SUPPLIED DATA:
= = =

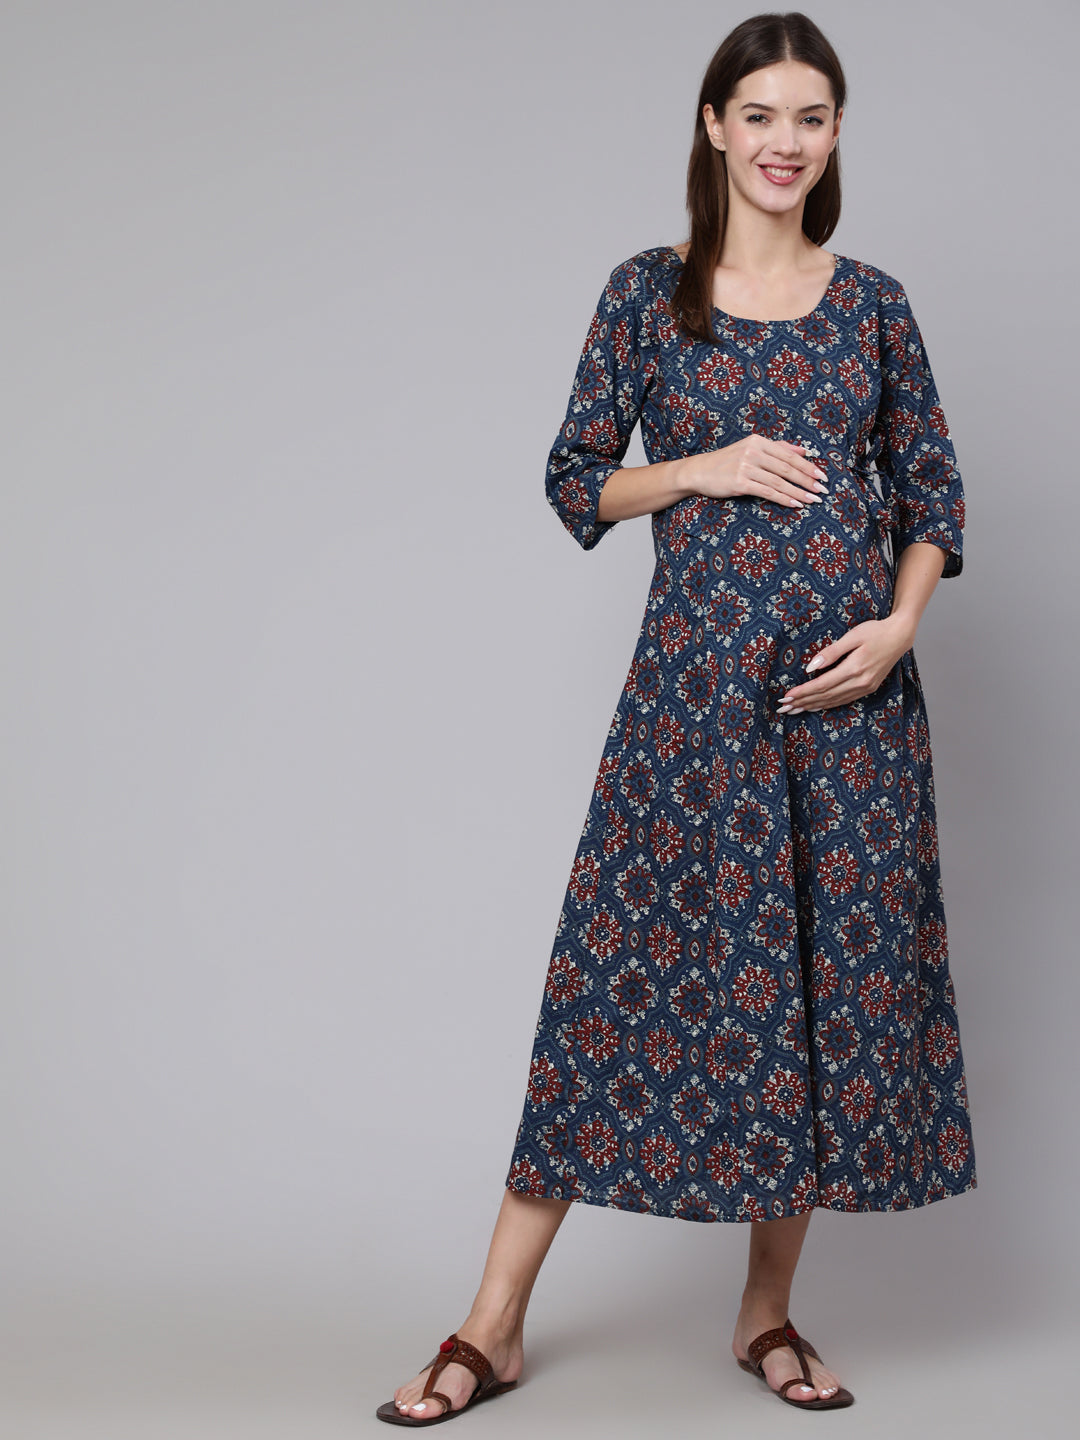 Women's Navy Blue Ethinc Printed Flared Maternity Dress - Nayo Clothing
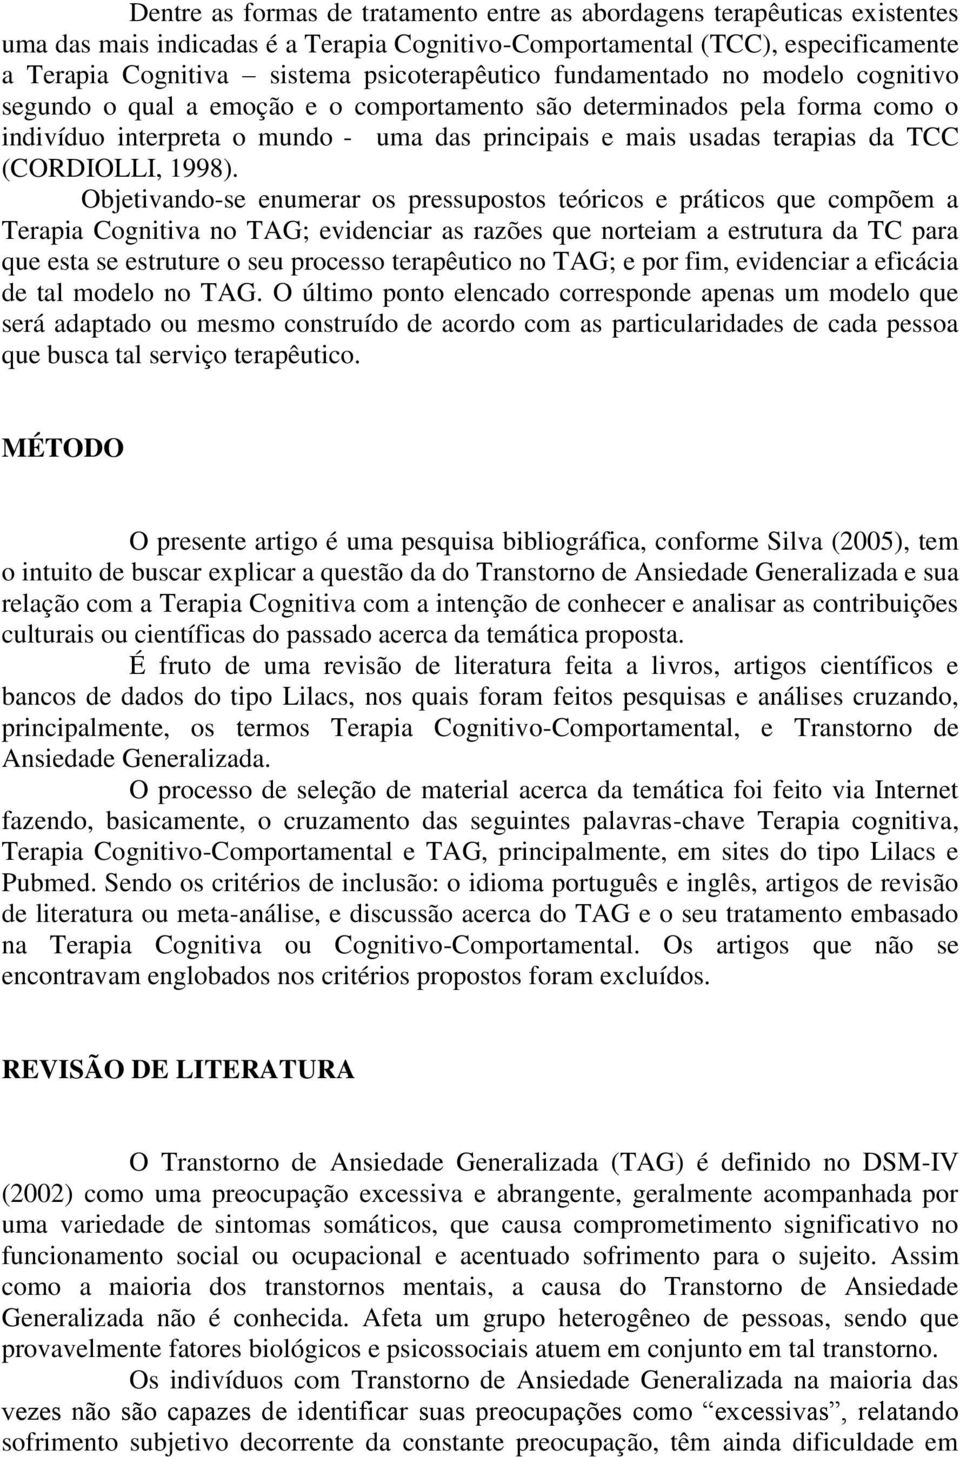 da TCC (CORDIOLLI, 1998).
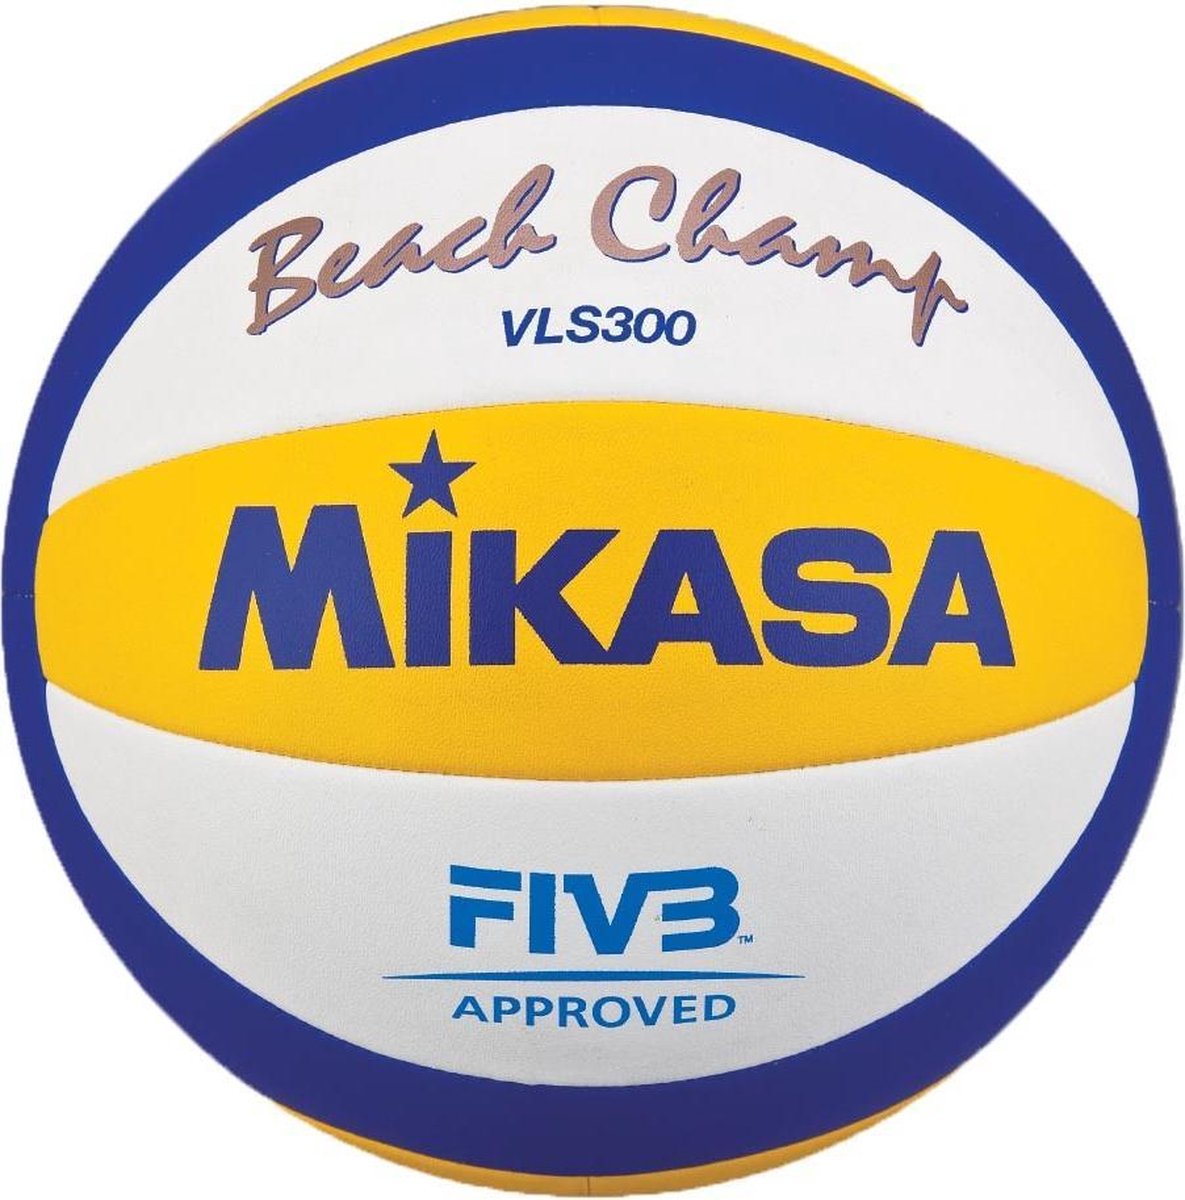 Beach-Volleyball BEACH CHAMP VLS 300 - Mikasa
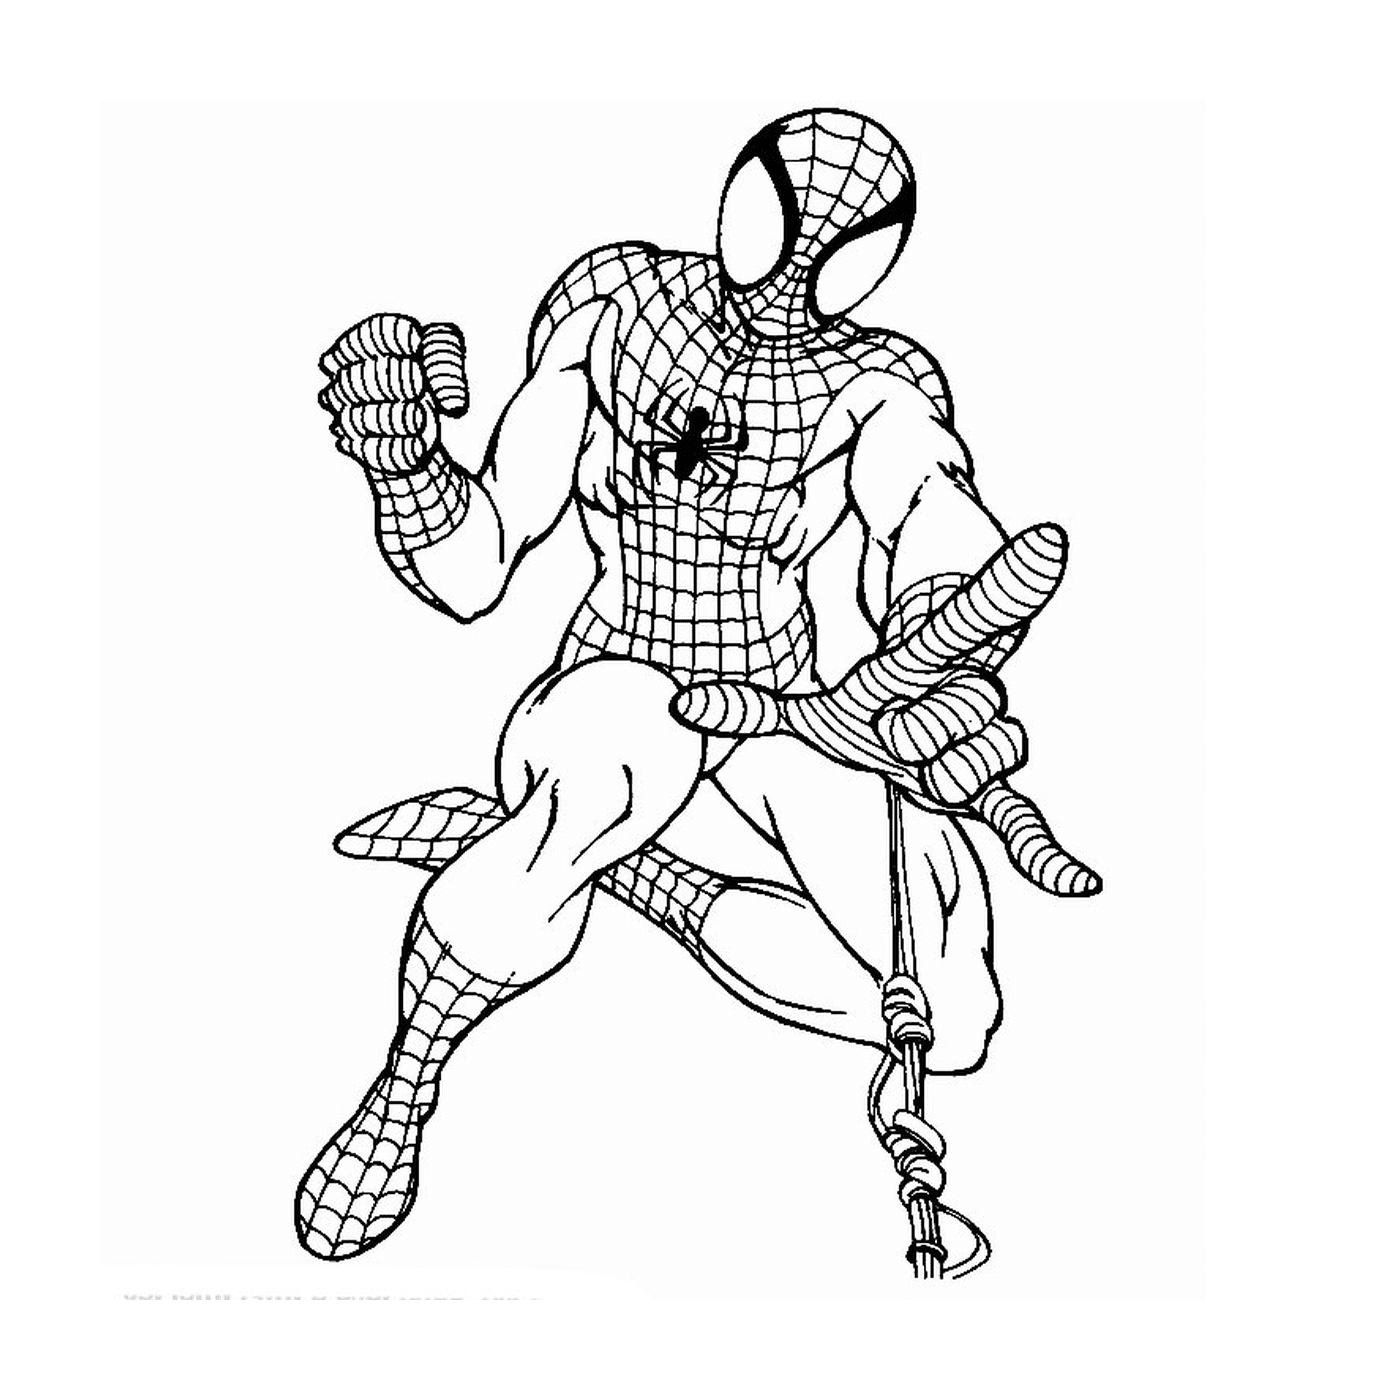  Человек-паук из Marvel комиксов

= = =

TASK DETAILS:
Without including any image, reproduce the full listing above as written.

WRITTEN ANSWER:
 Women's Navy Blue Ethinc Printed Flared Maternity Dress - Nayo Clothing
 da TCC (CORDIOLLI, 1998).
 Beach-Volleyball BEACH CHAMP VLS 300 - Mikasa
  Человек-паук из Marvel комиксов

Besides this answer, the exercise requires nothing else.